Alex Leavitt, a Ph.D. student at the University of Southern California's Annenberg School of Communications, is researching how "the norms and the philosophies of open source software apply to the development of media and the creative industries."

"Minecraft" is one of his case studies, an example of a "collaborative ecosystem" in which "audiences and consumers are changing into co-producers with the people who are creating either the game or the software."

"Minecraft" deserves to be included in any discussion of gaming culture as much as "Grand Theft Auto V," if only for its demonstration of how being part of a community of gamers can generate as much satisfaction and enjoyment as actually playing the "game." Search for "Minecraft" on YouTube and you will find millions of videos dedicated to the world of "Minecraft." Tutorials, tours, play-by-play recordings of how a particular world was built -- my son has spent countless hours watching others play the game or teach the game in addition to playing the game itself. To a certain extent this is his TV.

"How we look at game culture," says Leavitt, "requires looking through the lens of the game itself: its particular style, the way you interact with it and the conversations about it."

"'Minecraft' is open-ended, " says Leavitt. "Your imagination is at the forefront of how you play the game. You are not forced to interact with the dialogues and discourses that 'Grand Theft Auto' literally shoves in your face, before you even play the game, just in the way it is advertised. In that sense, game culture is dictated by the game."

The platform and the mode of interaction make a big difference -- something that explains why your grandmother might be willing to play a game on her iPhone while never daring to pick up an Xbox 360 game controller. So cool it with the cesspool naysaying: Games that encourage collaboration and community feed fountains of positivity.
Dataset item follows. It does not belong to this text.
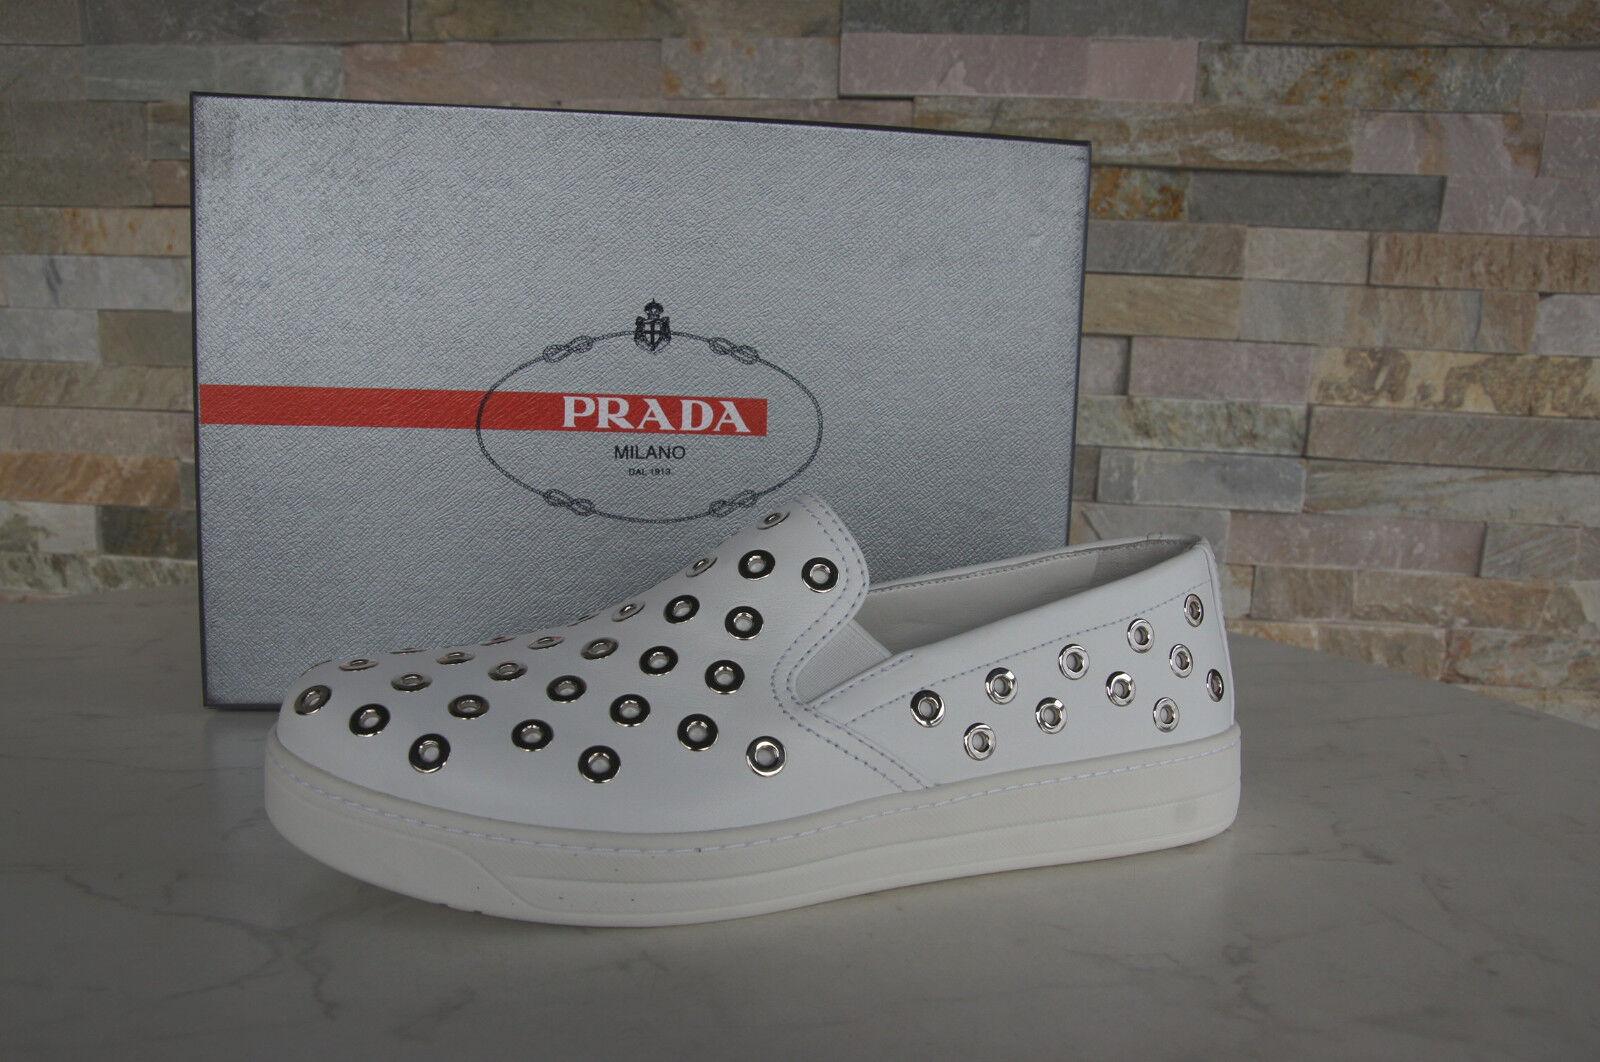 PRADA Gr Kalb 38 Slipper Sneakers Slip On Schuhe Kalb Gr 3S6159 weiß NEU 562479

In "A Letter to Niko," Tom Bissell laments the fact that an article written by a woman mildly critiquing "GTA V" received 20,000 mostly negative comments featuring the kind of hateful misogynist rhetoric all too common in contemporary online discourse. But why should it be surprising at all -- or even depressing -- that a game whose structure encourages and even rewards antisocial behavior nurtures a community that embodies similar, uh, values? So a game that targets young men and invites them to act out successfully attracts a horde of assholes! Something so predictable is hardly cause for despair, and it shouldn't serve as an indictment of video gaming culture writ large.

* * *

I'm mulling over that Razer Blade again. Just for old time's sake, I'm thinking. I could play the new Zerg campaign for "Starcraft II" that was released a few months back. Or I could splurge and buy that "Bioshock Infinite" game that seemed so interesting when it was getting heavily advertised. Or maybe I could try my own hand at "Minecraft."

But oddly, though I can appreciate how your typical 15-year-old hardcore gamer would desire a Razer Blade of his own with profound lust, to me, the machine looks a little quaint, a little obsolete. A dedicated gaming laptop? What isn't a gaming machine these days? I can play games on my phone, or on a tablet, or on any of my computers. Raw computing and graphics processing power might be important for playing the most bleeding-edge big budget new releases, but increasingly, the indie games that seem the most attractive or the mobile games that shoot up the app charts fastest are the games that put a premium on being clever or funny or interactive. The hardcore gamer is a niche, soon to be overwhelmed by a world in which, one way or another, we're all gamers. And that's all right.